The public policy exception inherently places U.S. courts in the position of acting as de-facto umpires to a foreign court’s annulment order. However, it is difficult to delineate the outer bounds of permissible conduct by a foreign sovereign when assessing the enforceability of an annulled arbitral award. For instance, why was the claimant’s annulled arbitral award in Getma less deserving of enforcement than the invalidated award in Pemex? The only way to answer this question is to review the local court’s annulment order and to determine whether it complied with “basic notions of morality and justice.” Although Pemex based its holding on the violation of certain laudable principles, it is questionable whether U.S. courts are equipped to admonish foreign judicial or legislative bodies for their perceived violation of such principles.

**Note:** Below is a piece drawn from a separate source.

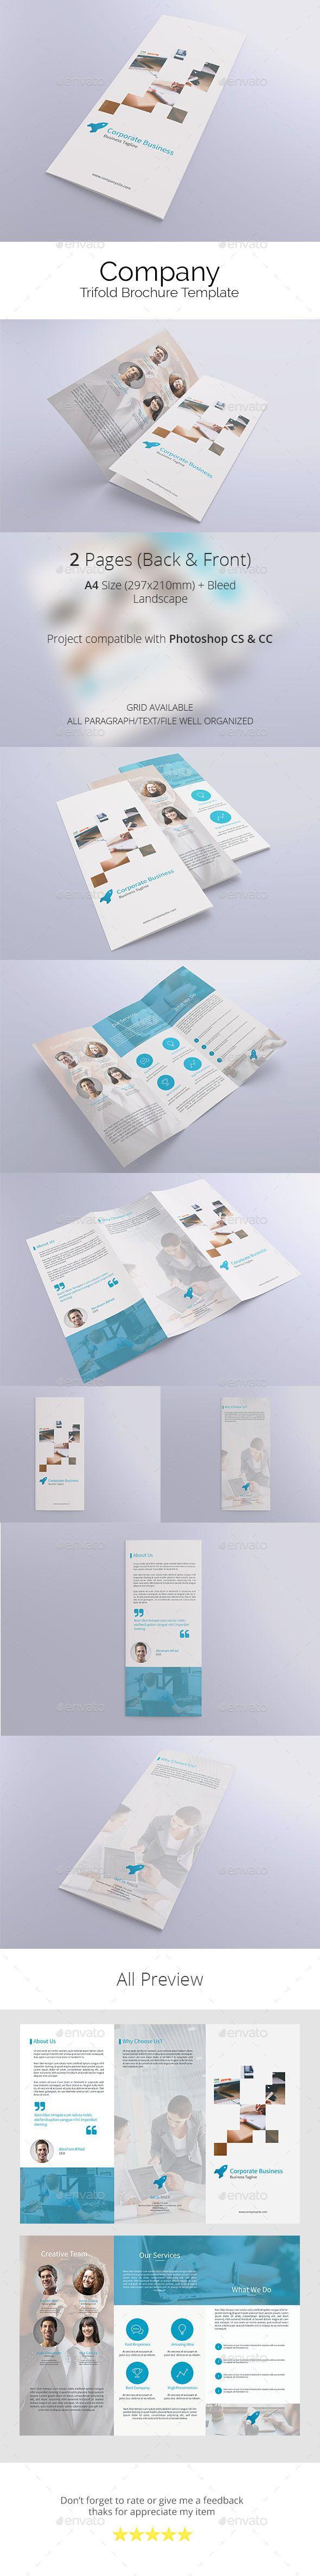 Company Trifold Brochure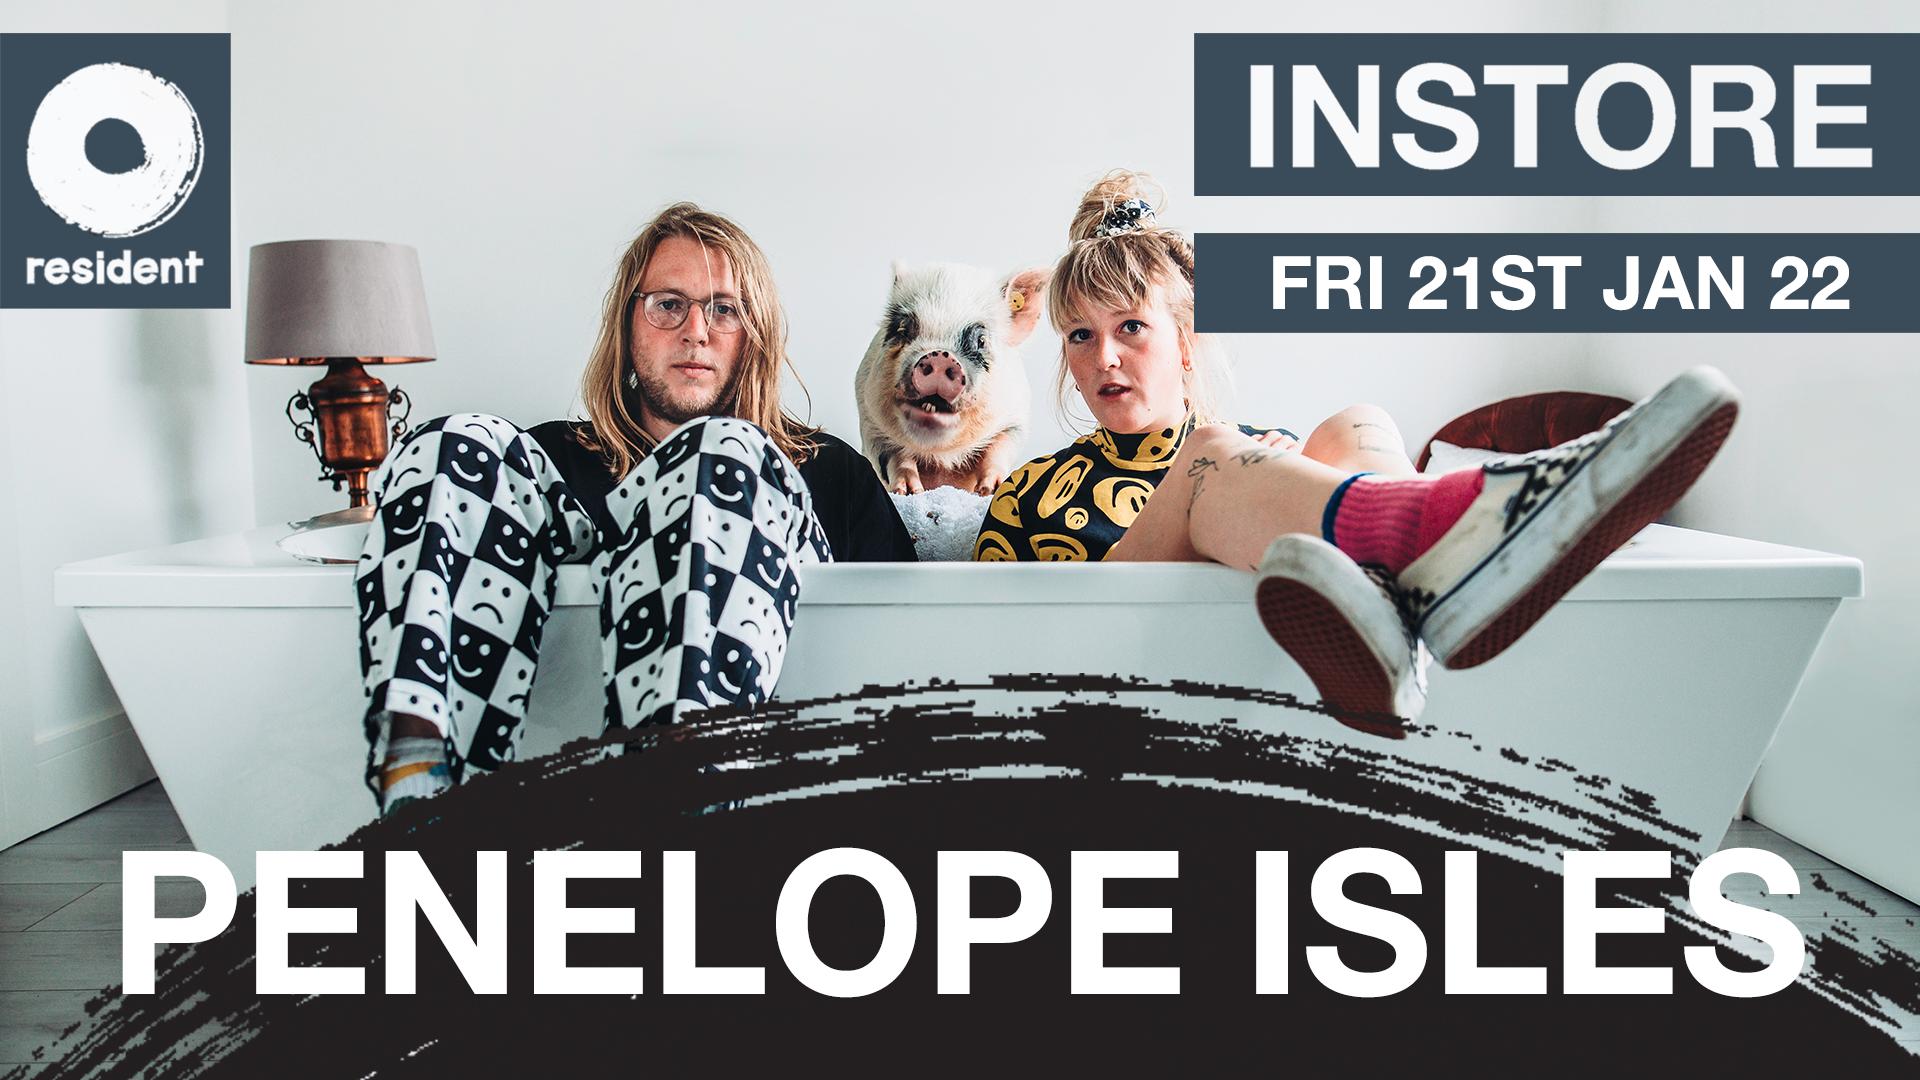 Penelope-Isles-rescheduled-SIDEBAR

Judging another sovereign’s handling of an investment in its own territory as “suspect” and reviewing a foreign court’s compliance with American standards of “morality” or “decency” may be perceived as normative policing by U.S. courts. One year before Pemex was decided, Judge José Cabranes of the Second Circuit wrote that “[t]he application of U.S. laws extraterritorially directly contradicts the principles of self-governance and self-determination.” After Pemex, U.S. courts may be wise to heed this cautionary sentiment and avoid further extensions of the public policy exception when asked to enforce annulled foreign arbitral awards.
 Corporación Mexicana De Mantenimiento Integral, S. De R.L. De C.V. v. Pemex–Exploración Y Producción, 832 F.3d 92, 106 (2d Cir. 2016).
 Getma International v. Republic of Guinea, 862 F.3d 45, 49 (D.C. Cir. 2017) (internal citation omitted).
 Thai-Lao Lignite (Thailand) Co., Ltd. v. Government of the Lao People’s Democratic Republic, 864 F.3d 172, 187 (2d Cir. 2017).